Below is a listing; restate from it, character for character, the lines beginning at the line holding "Чоловічий темно-синій вовняний" and ending at the line holding "Diễn viên Urassaya", both included.
BEGIN AVAILABLE RECORDS
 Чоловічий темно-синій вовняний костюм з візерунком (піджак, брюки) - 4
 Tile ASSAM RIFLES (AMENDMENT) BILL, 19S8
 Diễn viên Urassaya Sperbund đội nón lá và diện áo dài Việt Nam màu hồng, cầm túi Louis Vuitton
END AVAILABLE RECORDS
BEGIN AVAILABLE RECORDS
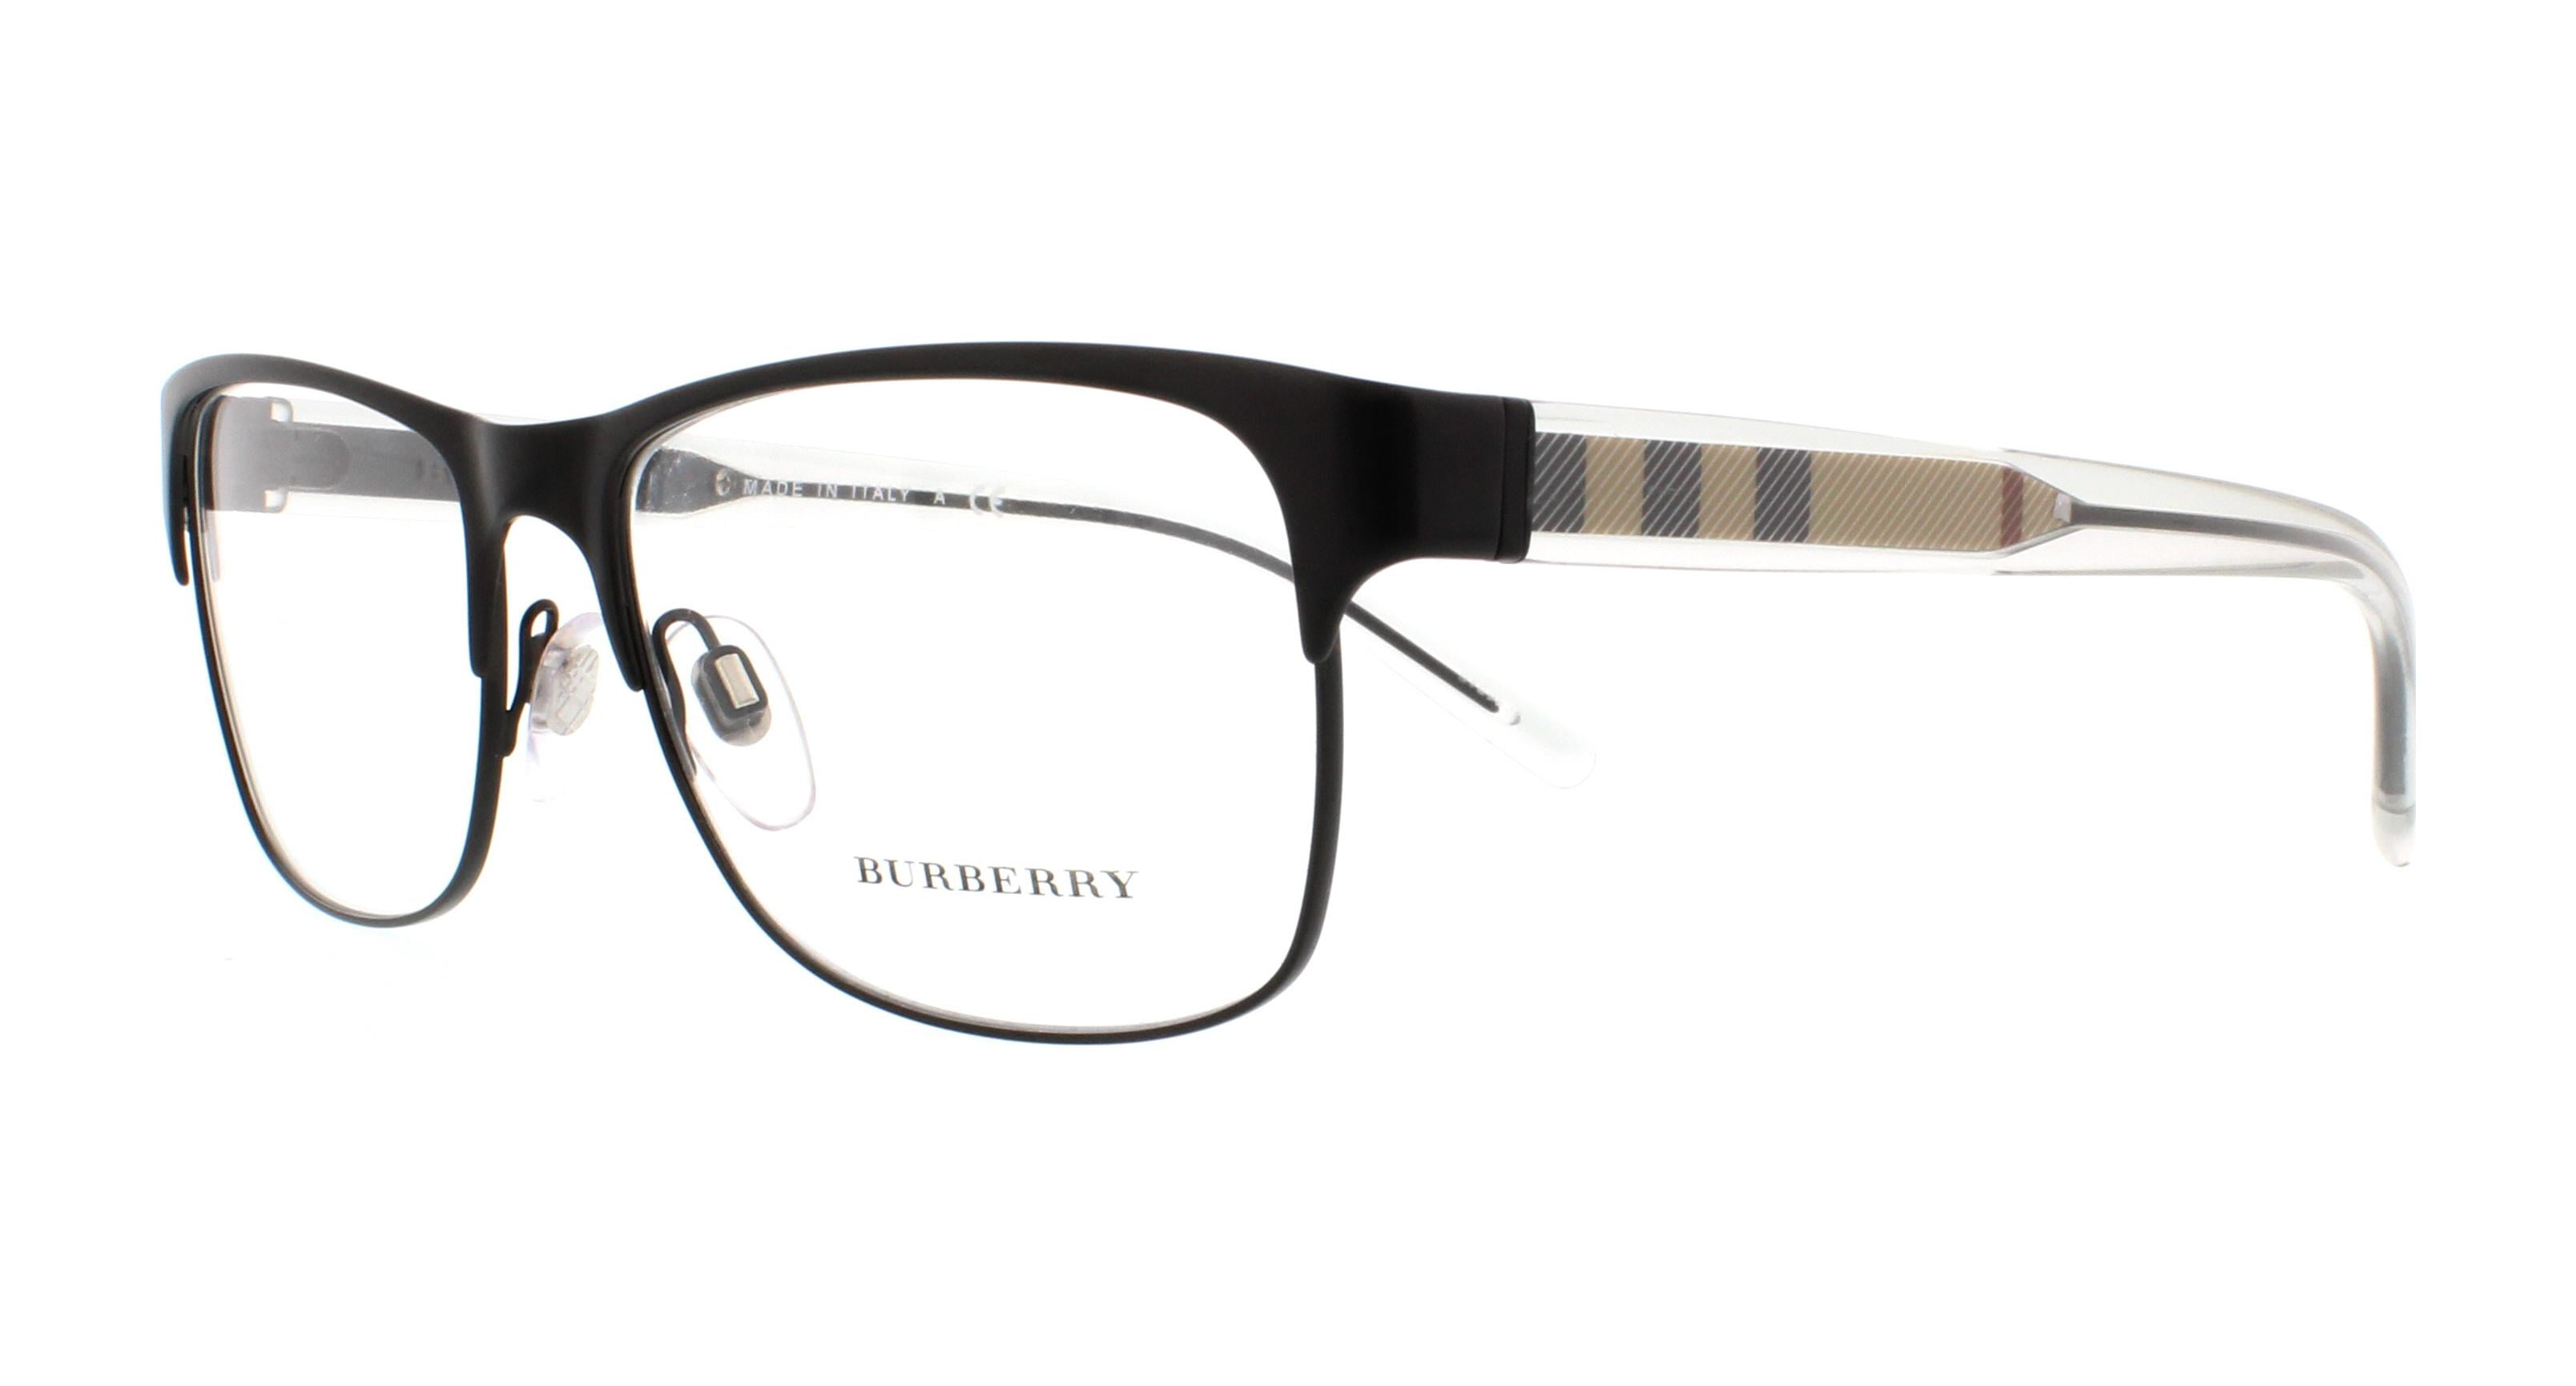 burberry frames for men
END AVAILABLE RECORDS
■ EXERCISE ANSWER
 Чоловічий темно-синій вовняний костюм з візерунком (піджак, брюки) - 4
 Tile ASSAM RIFLES (AMENDMENT) BILL, 19S8
 Diễn viên Urassaya Sperbund đội nón lá và diện áo dài Việt Nam màu hồng, cầm túi Louis Vuitton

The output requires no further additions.